A thousand and one is still only a thousand.

The First Grader let’s us see Kimani Ng’ang’a Maruge as an old man fighting to learn to read Syzmborska’s “primer opened for no one.”

This brings us back to the Radiolab podcast.  I am always heartened when mainstream media report on stories that have been previously neglected or distorted.  The truth takes many repetitions before it begins to challenge the images embedded in our psyches.  Nevertheless, I was uncomfortable with the way that the Radiolab producers and their first expert Caroline Elkins kept patting themselves on the back for bringing to light supposedly new information.  Elkins deserves much credit for her research and interviews with elderly Kikuyu women.  The role of women in the liberation struggle and their suffering during its suppression certainly deserve more attention.  But the Radiolab podcast seemed to  focus as much on what a great researcher Caroline Elkins is as on the Kikuyu women.  Many podcast reporters use the technique of bringing themselves and how they developed a story into the report to help keep it interesting.  In the case of this Radiolab podcast, however, this technique had the effect of putting as much emphasis on the work of the podcasters as on the real story of the Mau Mau.  Some of the comments on the Radiolab website criticized the podcast for this distortion of the real story.  One comment introduced me to a term I had not heard before—”Columbussing.”   The idea that something didn’t exist before white people discovered it.
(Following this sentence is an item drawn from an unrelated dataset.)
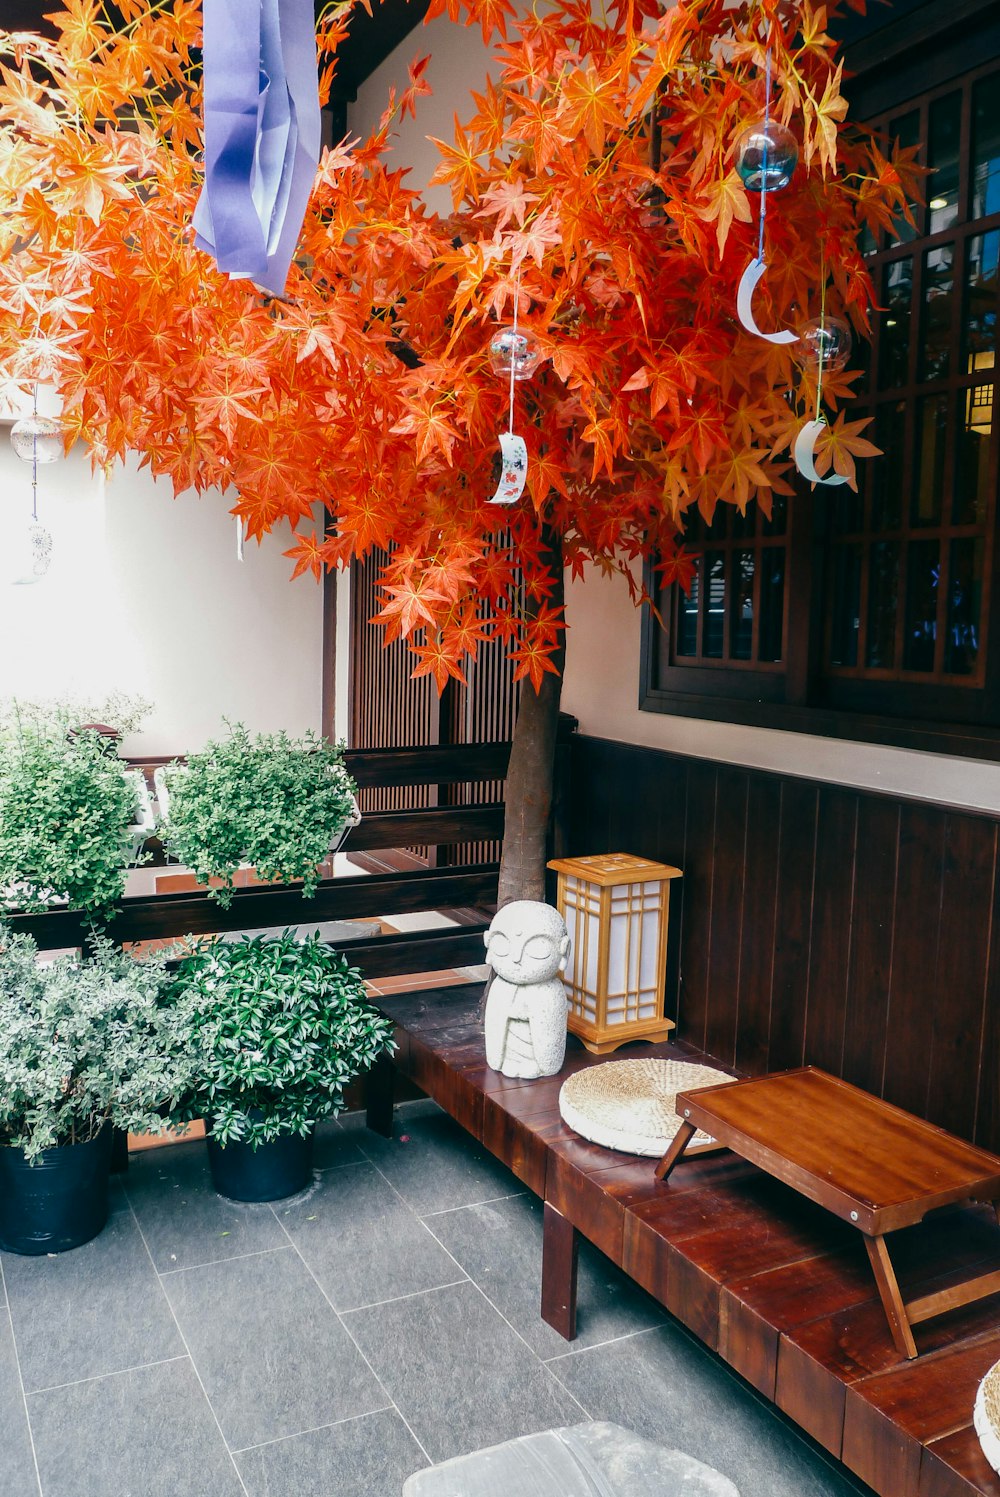 una panca di legno seduta sotto un albero pieno di foglie d'arancio

Despite these drawbacks I’m very glad that Radiolab has told the true story of Mau Mau … again.  Additionally, Radiolab’s interview with David Anderson drew my attention to the fact that the British government had publicly admitted that innocent Kenyans had been imprisoned in concentration camps, tortured and killed.  Sometimes when a story is not news to someone the significance of its publication can be missed, as I did when this story appeared in the New York Times in 2013.

One Comment

  1. This was very interesting Ken. I never knew about this at all. I’ve commented many times, having been born in 1963 and been in school in the 1970’s, that history classes never made it anywhere near the present – they would start back in the dawn of time, and curricula never caught up to the twenty or 30 years that preceded that moment. Ditto with my African history classes – they kinda ended in the 1920’s. So, I never learned about the things that I then wasn’t old enough to hear about myself – the Vietnam war I heard about on the radio.